Marco’s is on an aggressive growth trajectory, with the goal of adding 80 stores a year, but the biggest challenge that comes with that growth is consistency. “We really just want everybody to have a perfect experience everywhere they go,” said Meyers
Schlotzsky’s is a brand that has gone through a lot of changes since it launched 55 years ago, said Chief Brand Officer Donna Josephson Varner. “We’re on a journey now to get back to our roots and turn it into a growth brand,” she told Hatch during her turn in the not seat.
It started with a rebranding, adding “deli” back to the concept’s name to once gain make it Schlotzsky’s Deli. “We made that change based on the consumer,” said Varner. “Two thirds were calling us Schlotzsky’s Deli anyway and the others weren’t sure what we were. Some through Schlotzsky’s was a dry cleaner.”
Now the name reflects the menu’s strengths of overstuffed sandwiches on signature sourdough bread.
Varner is also rebuilding the fast casual’s customer base. “When I joined two years ago, I was told to find some new guests, because our guests are really old, but we found that wasn’t really true. Our core customer is a millennial,” she said.
To address that customer’s needs, the brand is launching a new prototype that eliminates friction points for both the guest and franchisee. That store model has clear directional areas, pointing to kiosks, in-person ordering, delivery pickups, etc. “It speeds the ordering process and increases operational efficiencies in the back-of-house,” she said, “but it also lowers the cost of entry for franchisees.” Being grounded in the consumer and refreshing the brand is setting Schlotzsky’s Deli back on the path of growth.
Roland Gonzalez moved up from COO of Church’s Texas chicken to become CEO about a year ago, and in that year, he has focused on balancing a legacy brand with modernizing it, he told Oches. Digital sales were his first challenge.

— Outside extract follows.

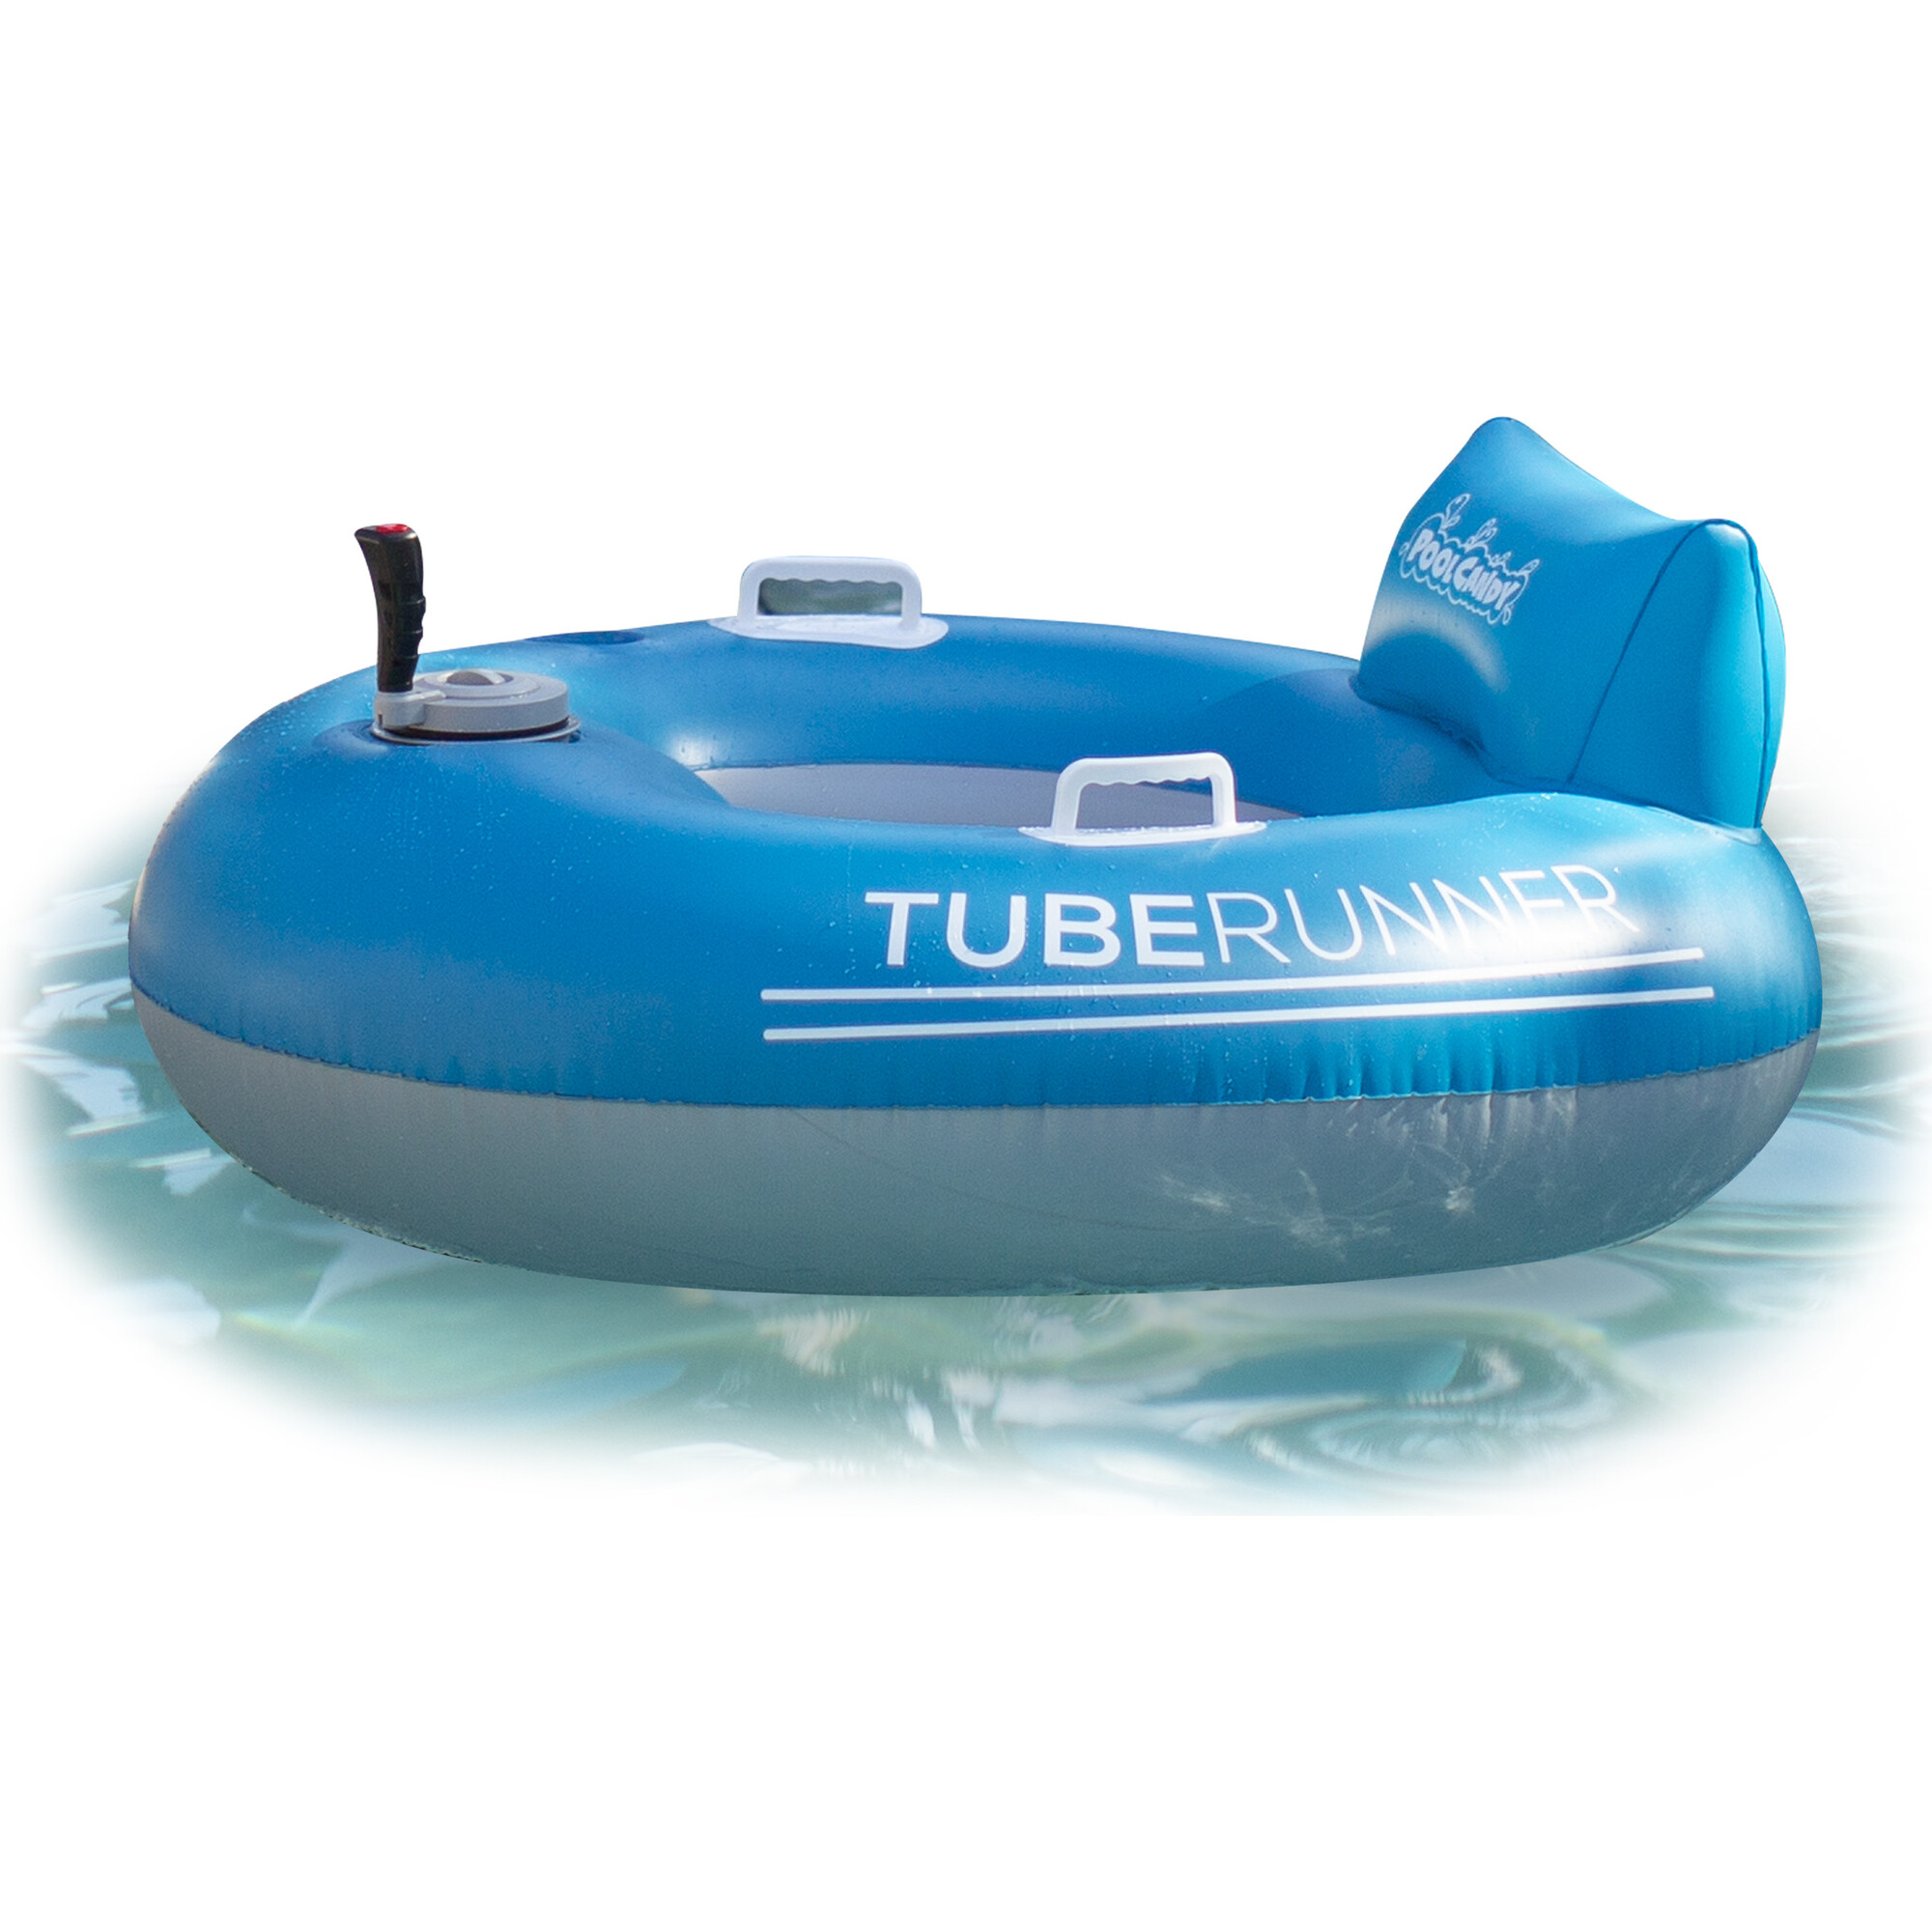 Tube Runner Motorized Pool Tube - PoolCandy Water Play | Maisonette

“A couple of years ago our digital sales were only about 6% or 7%. Now they’re more than 18% and we’ll be exiting the year north of 20%,” said Gonzalez. When kiosks and catering ramp up, those numbers will go even higher.
As far as growth goes, Church’s is “a tale of two different businesses,” he added. “Internationally, we have 600 locations and 1,500 more in the pipeline, with 600 slated to open in China,” he said. U.S. expansion is a little slower, but the brand is looking at new markets, including three units opening in Philadelphia.
As far as the menu goes, value is a top priority. Church’s is staying true to its roots by serving the best quality chicken for the price, he added. “Our guests have clearly told us that if the price is too high, it’s not going to work. We’re located in a lot of underserved areas, and having a menu architecture that’s priced fairly both for individuals and families is what makes us successful.”
Right now, Church’s offers three pieces of chicken or three tenders and a biscuit for $4.49—some soft drinks are more than that, Gonzalez noted. “People are seeing that as a good deal and adding on a side and drink, so the average ticket is more like $10 to $11,” he added.
That formula has added up to a 6% boost in traffic two years in a row—a boost that makes Gonzalez very excited about the future.
The Restaurant Leadership Conference is hosted by Informa, parent company of Restaurant Business and Nation’s Restaurant News. It concludes on Wednesday.